The result should be the full listing copied exactly, with no pictures in it.

BEGIN SUPPLIED MATERIAL

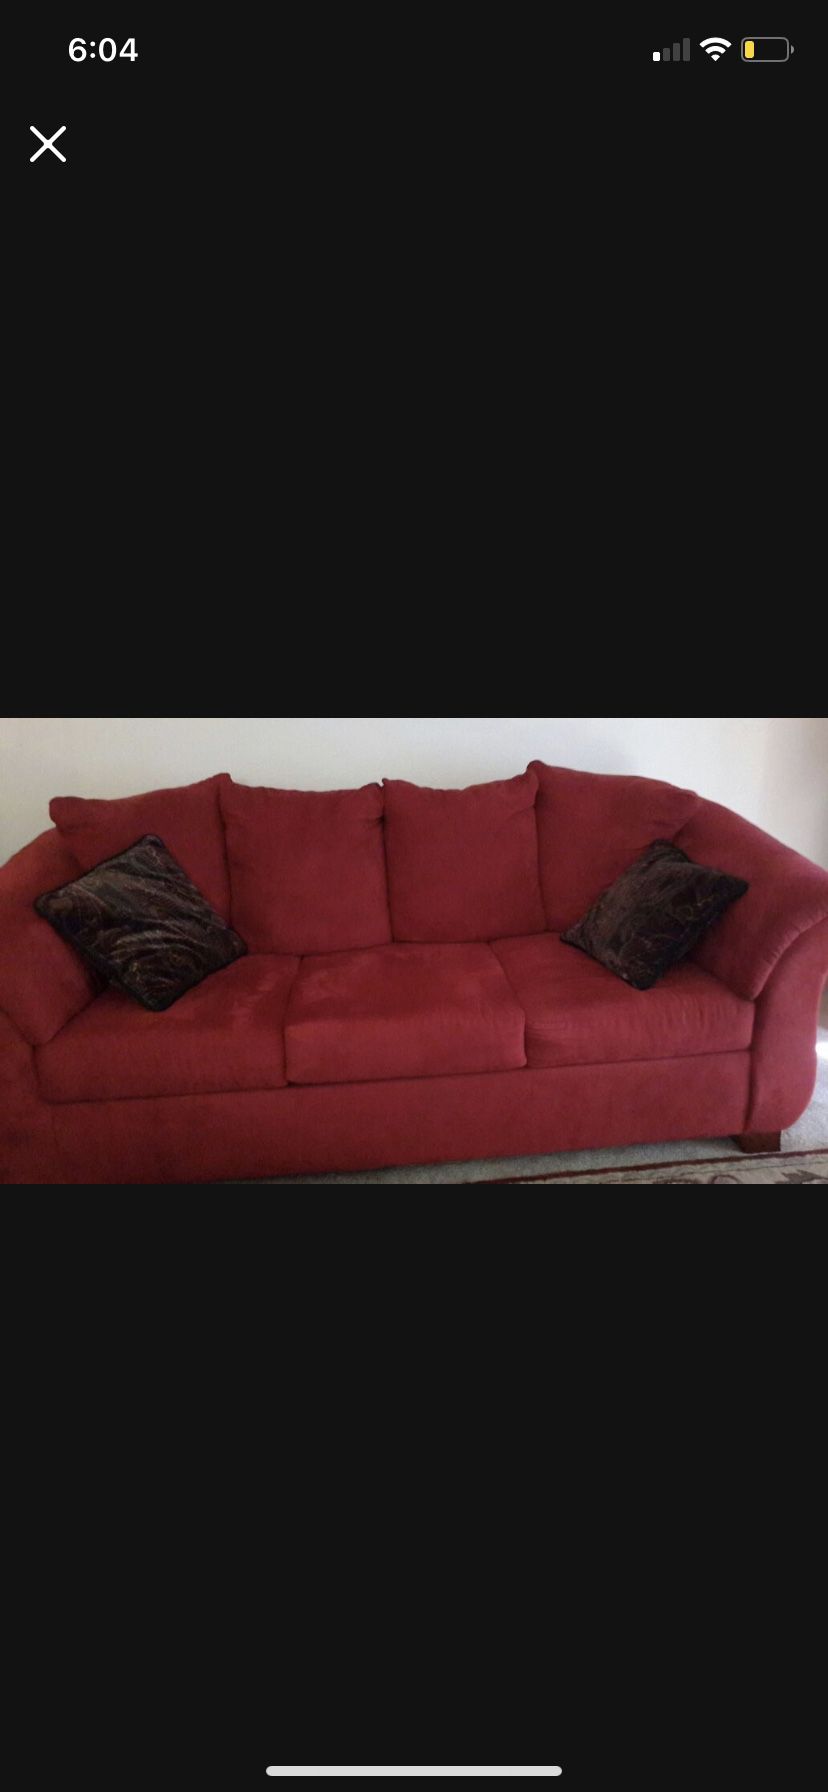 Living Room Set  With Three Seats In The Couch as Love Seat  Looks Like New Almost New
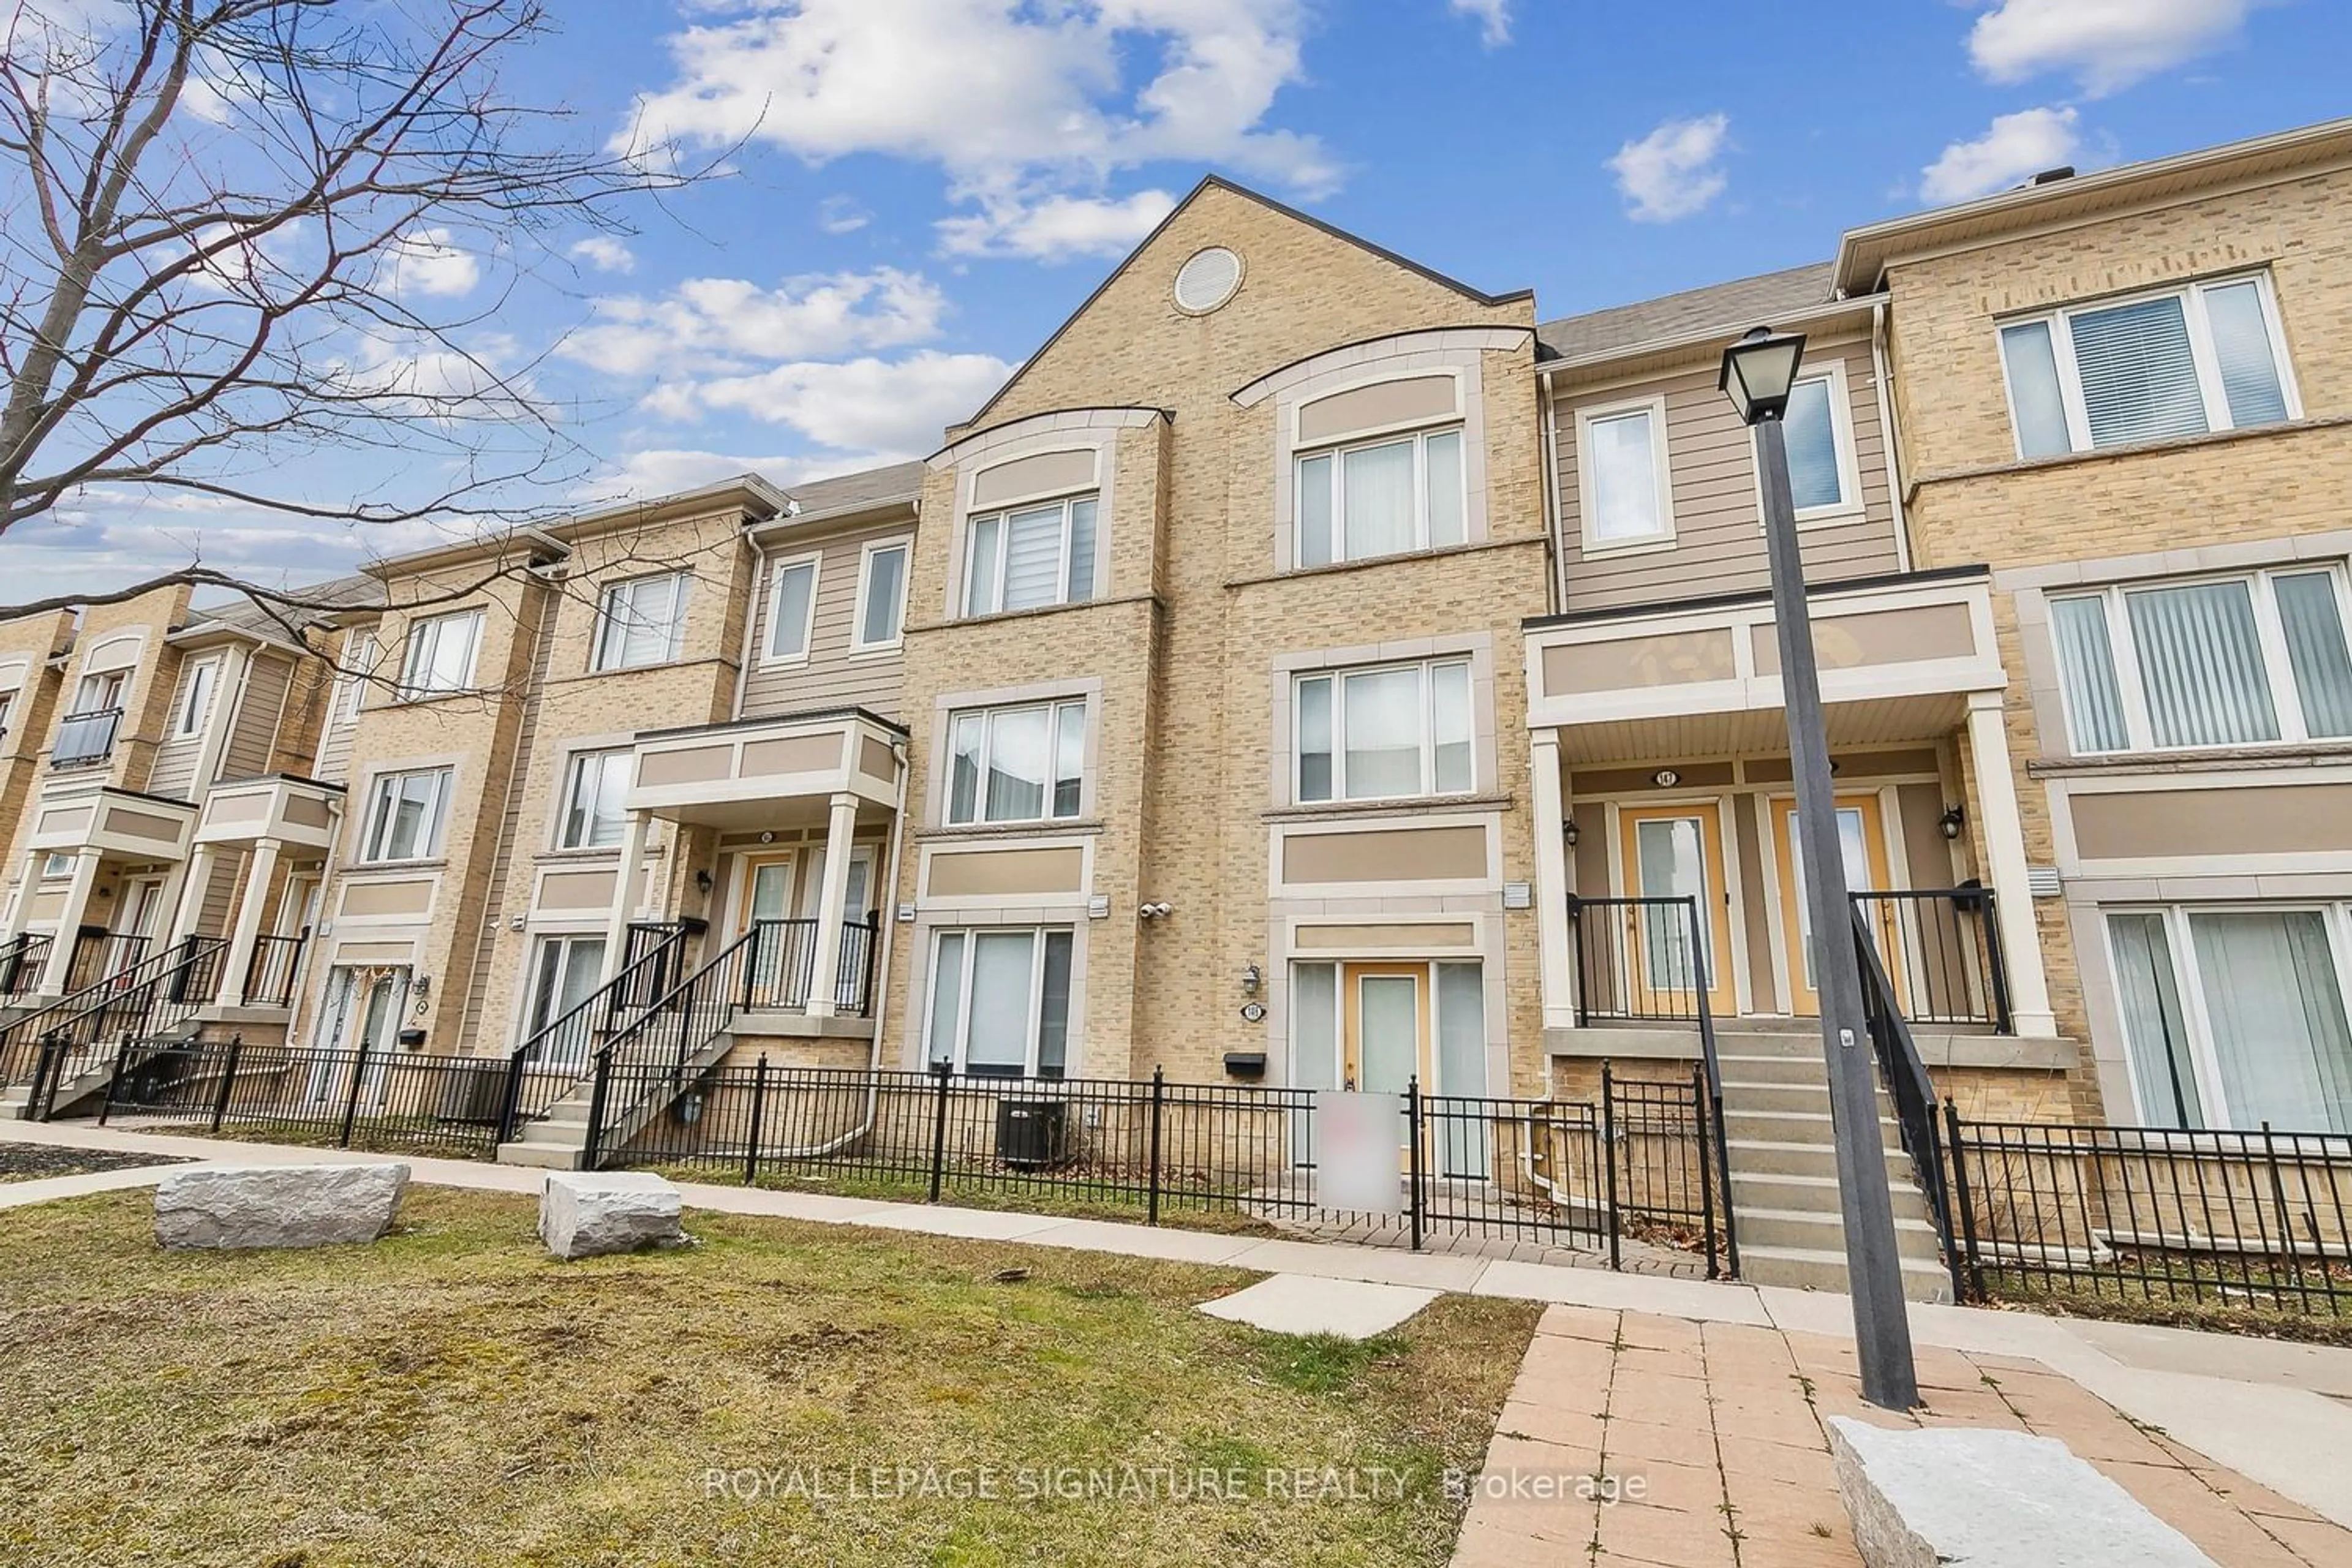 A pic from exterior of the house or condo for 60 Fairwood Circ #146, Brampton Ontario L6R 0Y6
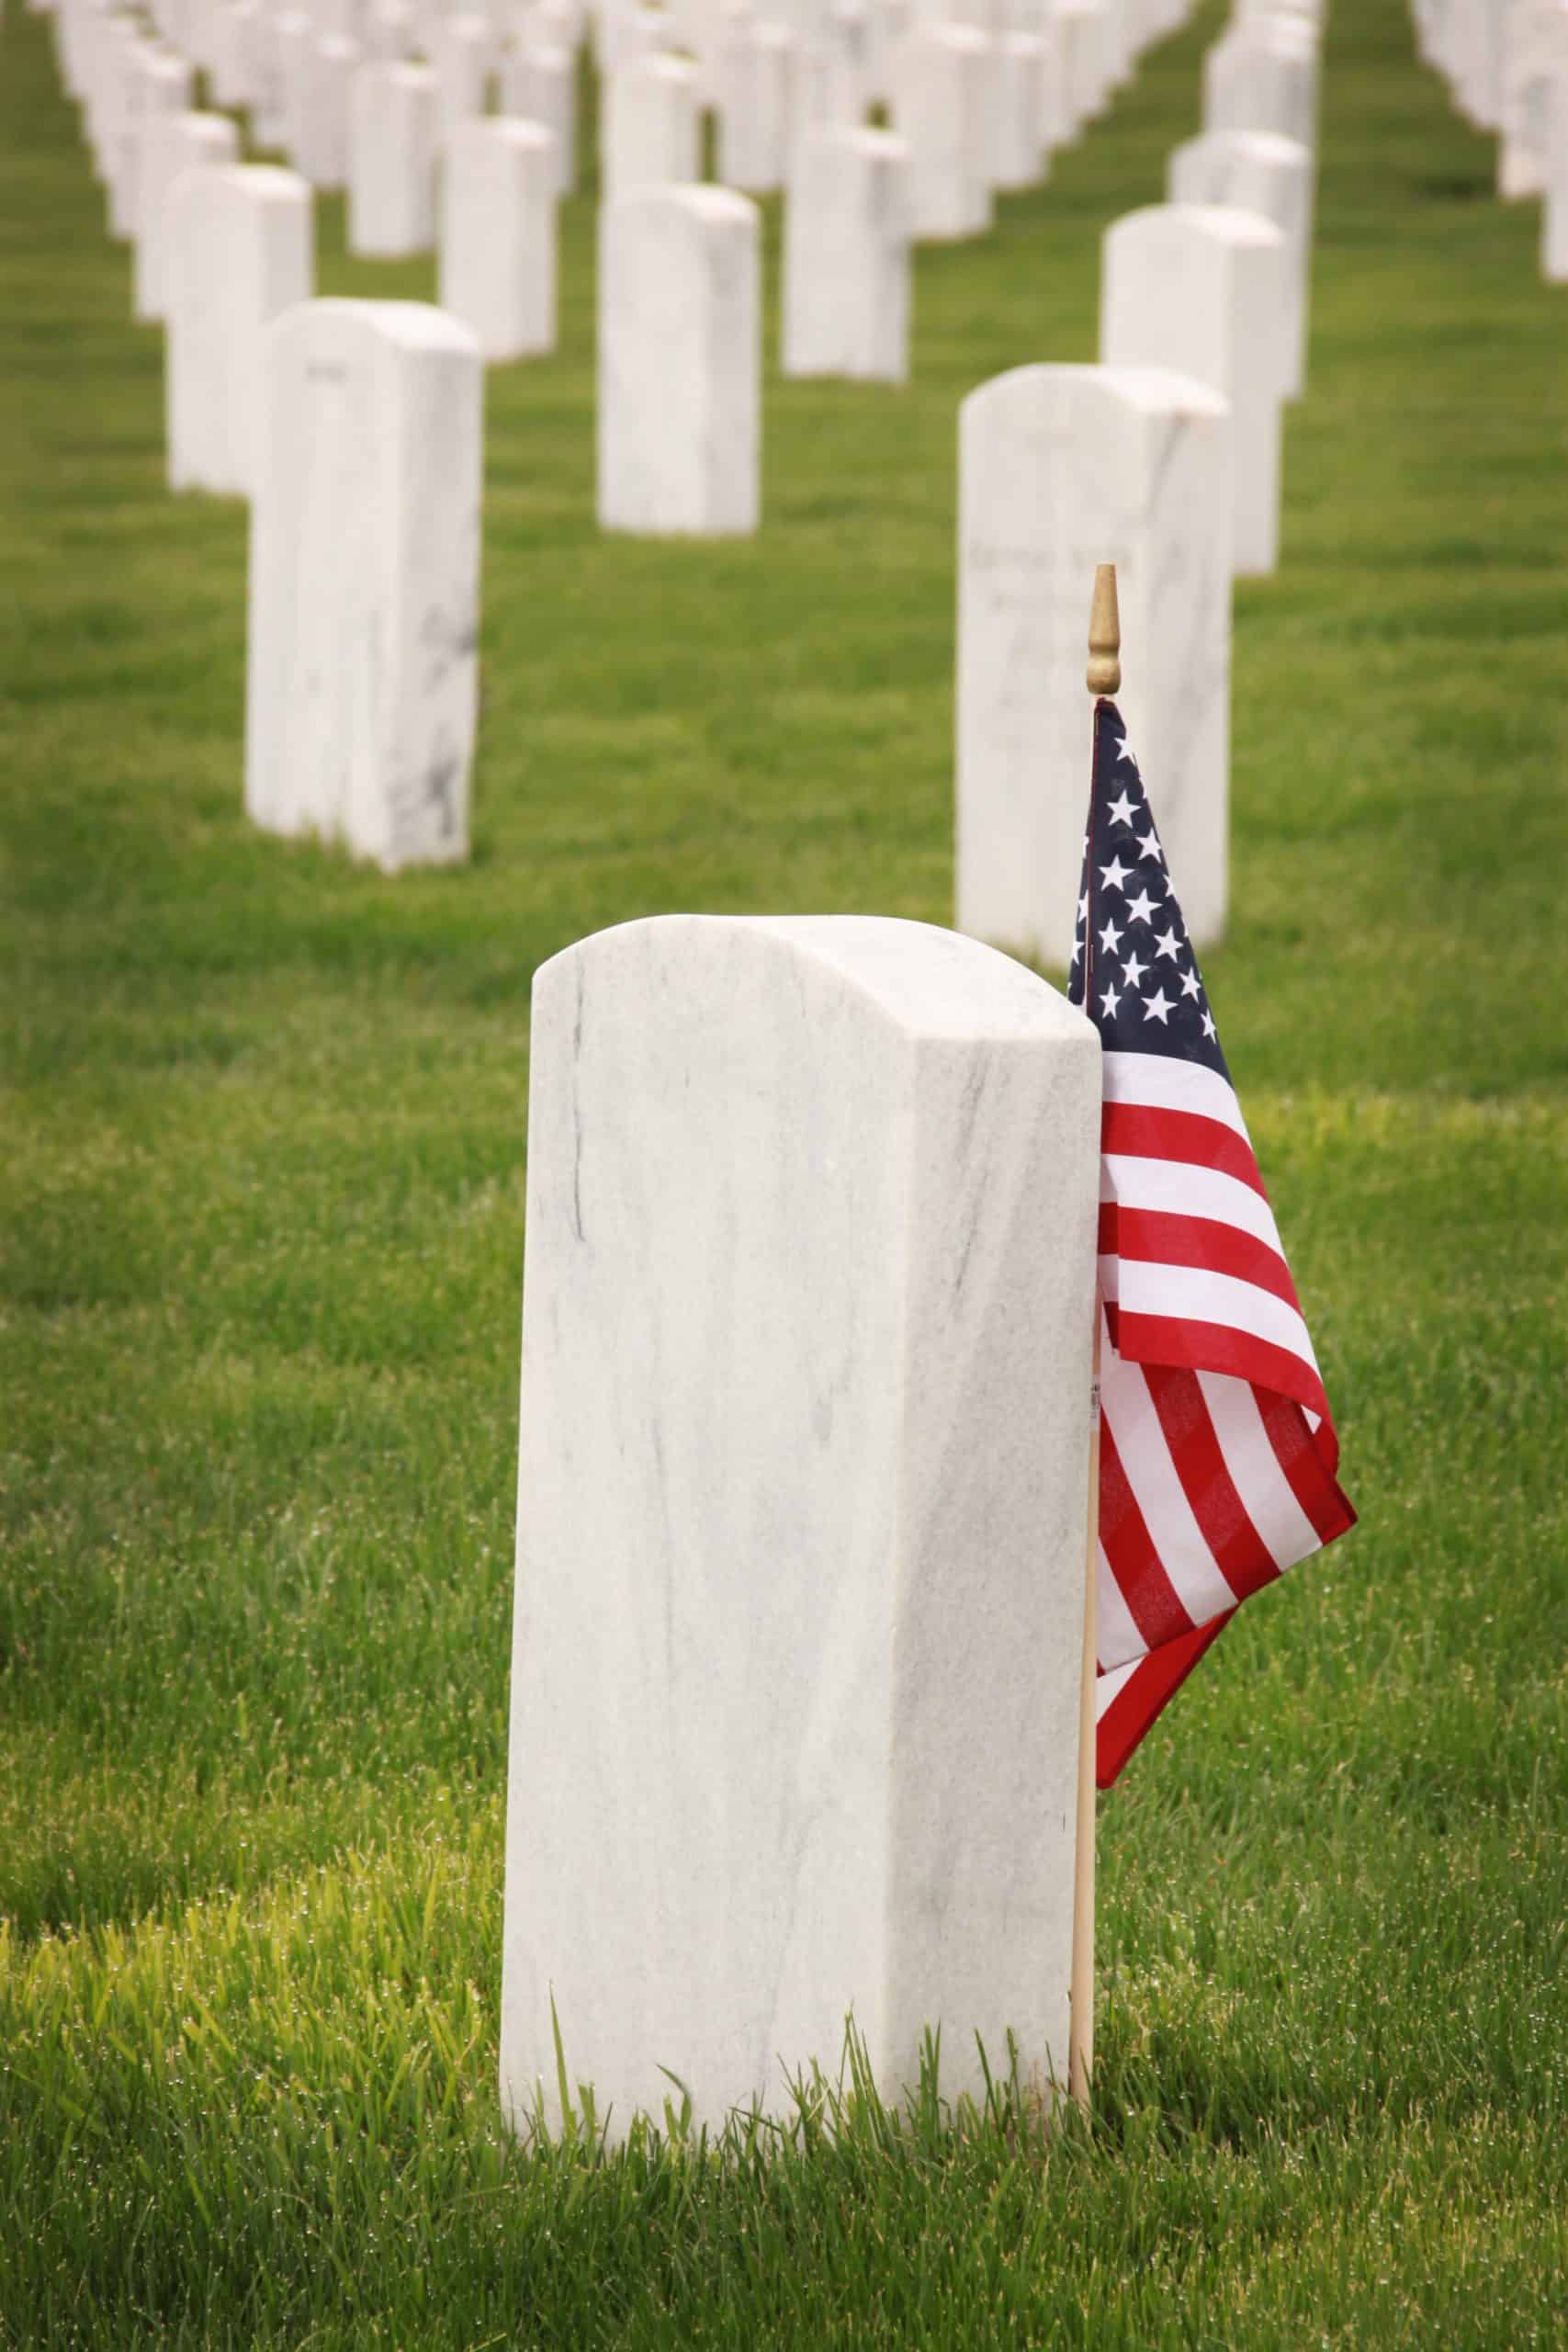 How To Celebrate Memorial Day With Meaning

END SUPPLIED MATERIAL

> ANSWER BOX:
 Living Room Set  With Three Seats In The Couch as Love Seat  Looks Like New Almost New
 A pic from exterior of the house or condo for 60 Fairwood Circ #146, Brampton Ontario L6R 0Y6
 How To Celebrate Memorial Day With Meaning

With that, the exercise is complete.